Erato’s recording derives from a 1985 Radio France concert performance, explaining the occasional lack of theatrical atmosphere. But Armin Jordan, who has become a discographic specialist in late French Romanticism, conducts the Nouvel Orchestre Philharmonique with an ear attuned to both texture and drama. Gino Quilico imparts baritonal fervor and impeccable linguistic savvy to Arthur. Tenor Goesta Winbergh conjures a remarkably fervent Lancelot, while Teresa Zylis-Gara brings a shrill soprano and curious French to Guinevere’s plaints.

Winbergh is also one of the main attractions of London’s new version of Mozart’s “Die Entfuhrung aus dem Serail” (417 402-2, two CDs), a project inspired by Sir Georg Solti’s desire to record the Singspiel with Edita Gruberova before the Czech soprano dropped the role of Konstanze from her repertory.

Gruberova sails through the coloratura rigors of “Martern aller Arten” with no evident strain, but the role really demands a heavier dramatic coloring than she can muster. Kathleen Battle’s silvery Blonde is an ideal mixture of endearing indignation, vocal blandishment and impeccable style.

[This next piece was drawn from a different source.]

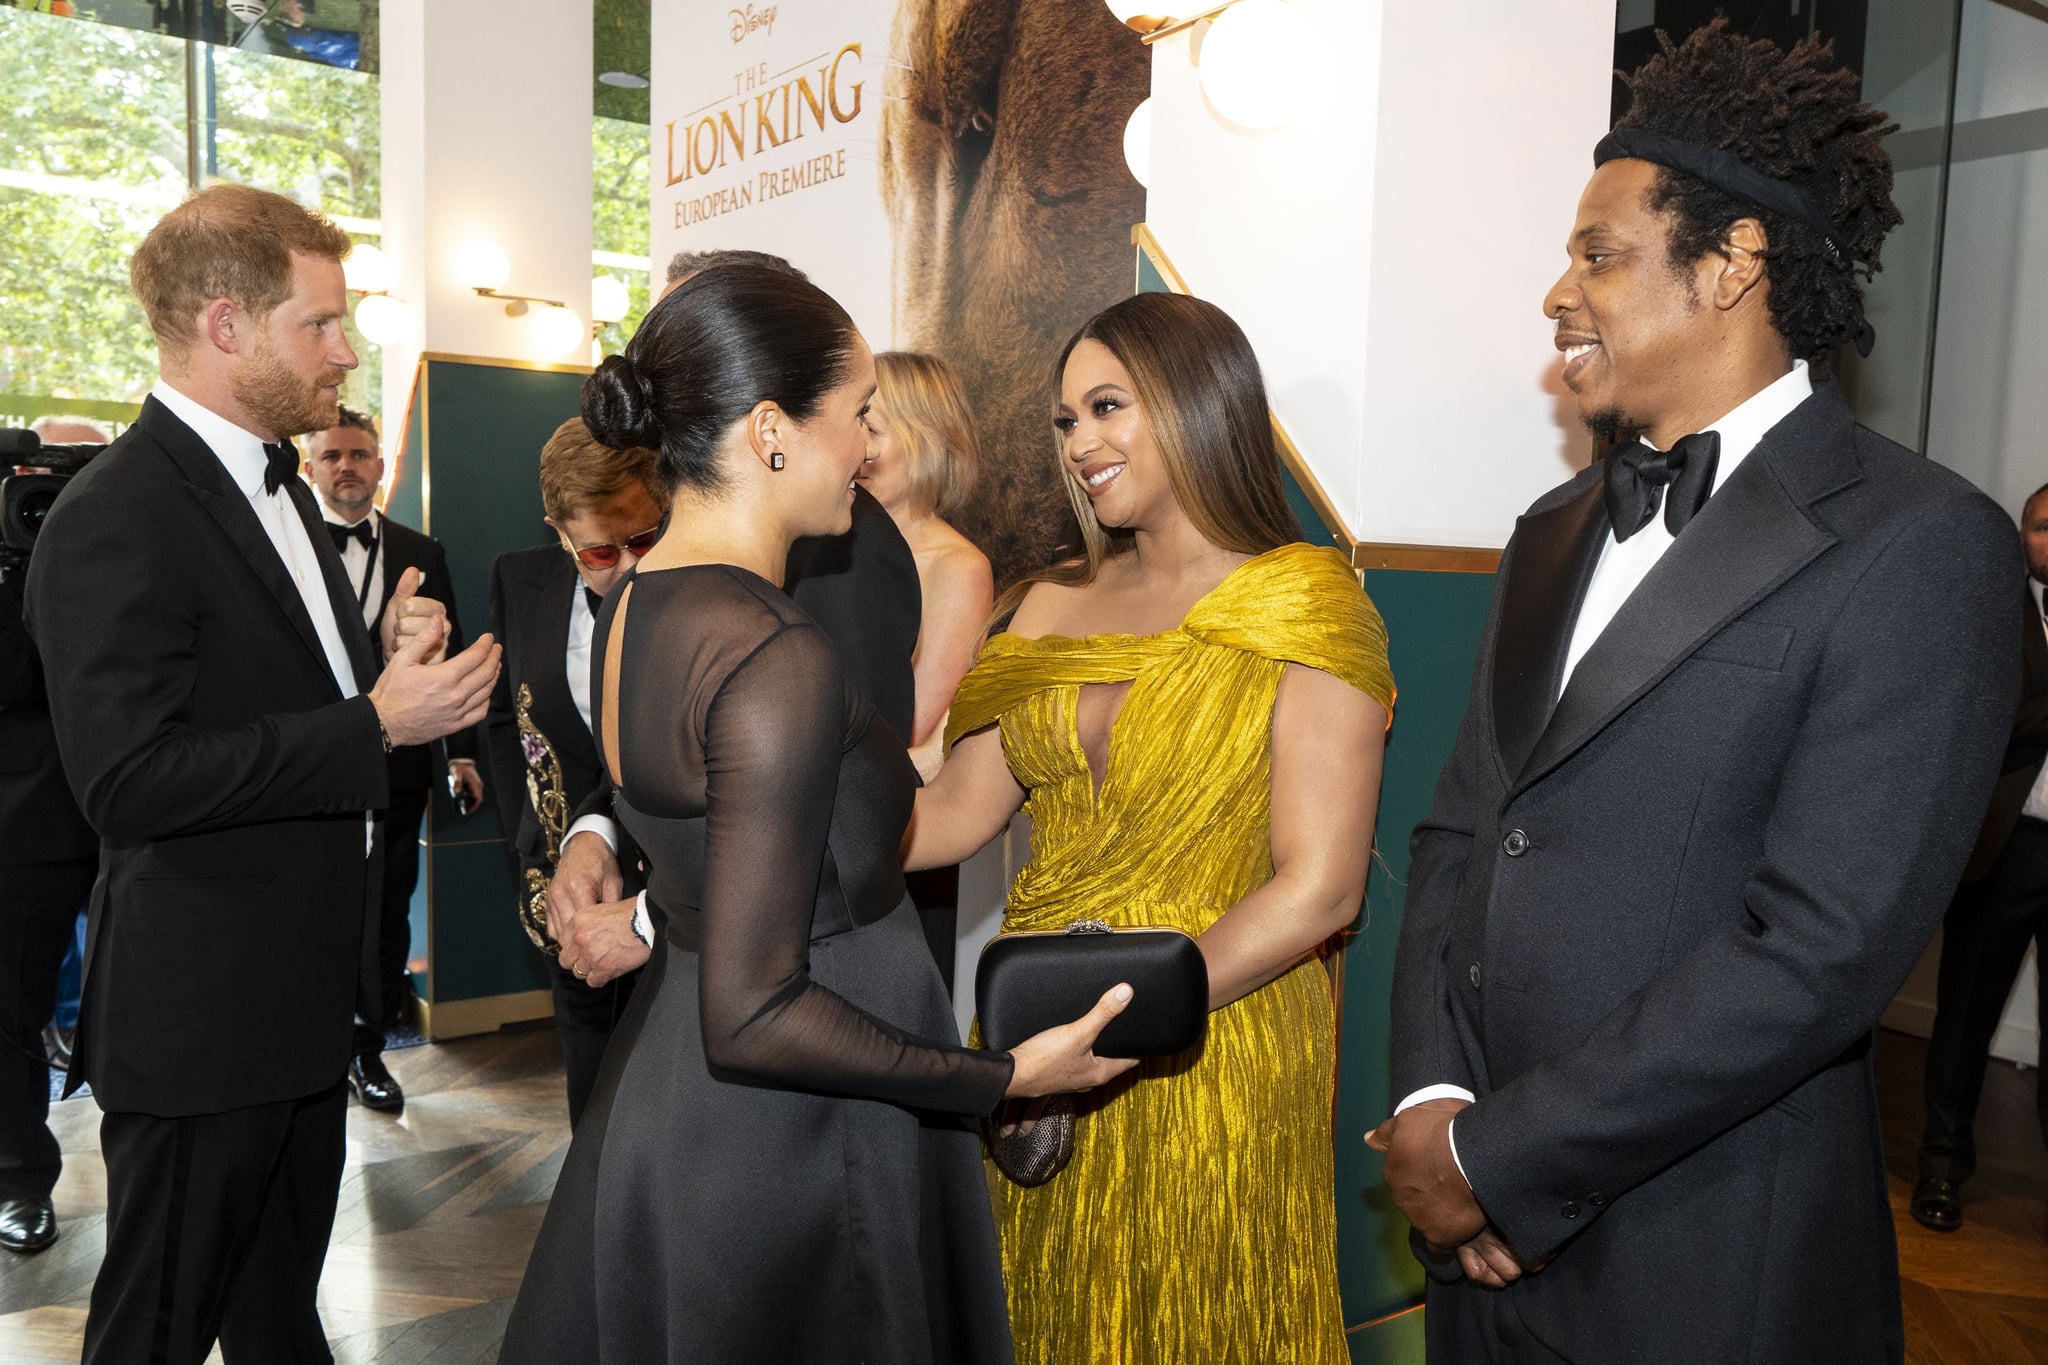 TOPSHOT - Britain's Prince Harry, Duke of Sussex (L) and Britain's Meghan, Duchess of Sussex (2nd L) meets cast and crew, including US singer-songwriter Beyoncé (C) and her husband, US rapper Jay-Z (R) as they attend the European premiere of the film The Lion King in London on July 14, 2019. (Photo by Niklas HALLE'N / POOL / AFP) (Photo by NIKLAS HALLE'N/POOL/AFP via Getty Images)

Winbergh invests Belmonte with suitable elegance, Heinz Zednik’s Pedrillo melds a reliable light tenor with abundant theatricality, but Finnish basso Martti Talvela is now sadly unable to lend the harem guard Osmin the necessary evenness of tone.

Solti conducts the Vienna Philharmonic and the Vienna State Opera Chorus in his typically explosive, monumentally contoured style; the Janissary Chorus will rattle any set of speakers, thanks to London’s vivid sonics.

Yet the conductor, whose Mozart has always seemed under appreciated, maintains a consistent dramatic alertness. This is not a performance that degenerates into a series of isolated showpieces for five gifted singers. And Solti deserves credit for using his cast to recite the long stretches of unaccompanied dialogue, rather than recruiting a separate group of actors, as was the prevailing custom in the bad old days.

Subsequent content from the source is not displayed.